PPI++: Efficient Prediction-Powered Inference
Anastasios N. Angelopoulos, John C. Duchi, Tijana Zrnic
TL;DR
PPI++ tackles the problem of deriving valid, powerful inference with scarce labeled data by leveraging a large pool of machine-learning predictions for unlabeled inputs. It replaces the intractable grid-based confidence construction of the original PPI with computationally efficient convex optimization over a prediction-adjusted loss, while introducing a data-driven weighting parameter $\lambda$ to adapt to the predictive model’s quality. Theoretical guarantees show asymptotic normality of the prediction-powered estimator, equivalence to testing-based confidence sets, and improved efficiency via power tuning, including a plug-in estimator $\hat{\lambda}$ and a one-step variant.
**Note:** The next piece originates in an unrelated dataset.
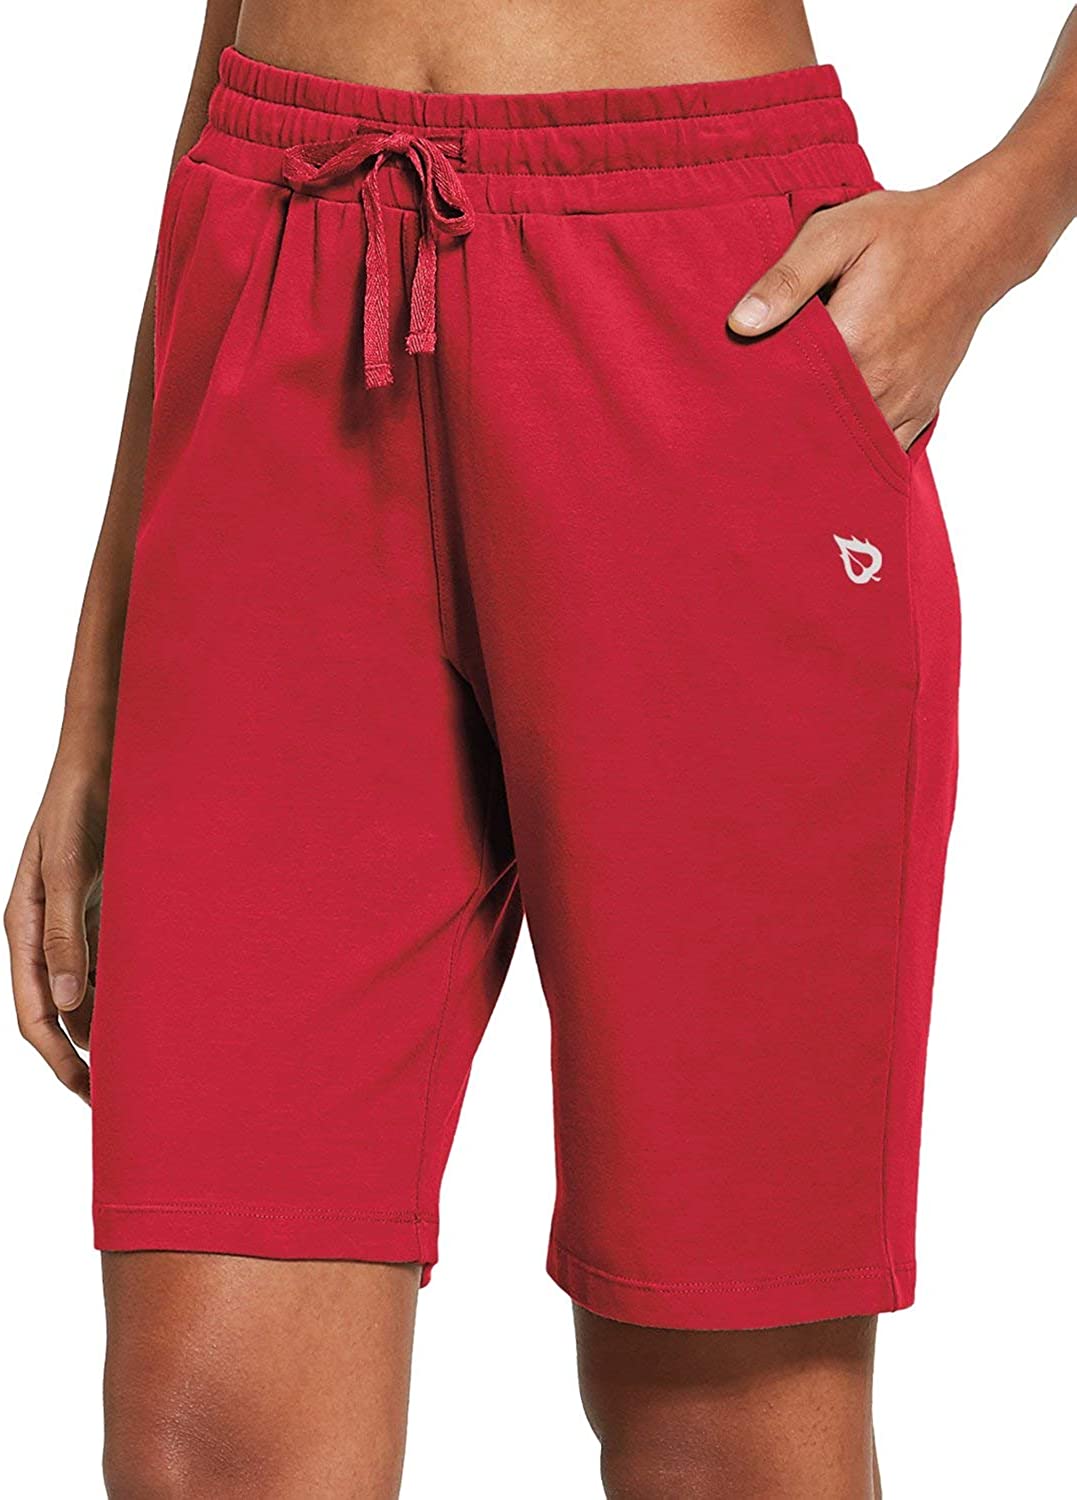 BALEAF Women's Bermuda Shorts Long Cotton Jersey with Pockets

Empirically, PPI++ consistently matches or outperforms classical inference and the original PPI across simulations and real-data tasks, often achieving tighter confidence sets when predictions are informative and gracefully degrading to classical results when predictions are weak. This yields a practical, scalable framework for using black-box predictors to enhance scientific inference without sacrificing validity.
Abstract
We present PPI++: a computationally lightweight methodology for estimation and inference based on a small labeled dataset and a typically much larger dataset of machine-learning predictions. The methods automatically adapt to the quality of available predictions, yielding easy-to-compute confidence sets -- for parameters of any dimensionality -- that always improve on classical intervals using only the labeled data. PPI++ builds on prediction-powered inference (PPI), which targets the same problem setting, improving its computational and statistical efficiency. Real and synthetic experiments demonstrate the benefits of the proposed adaptations.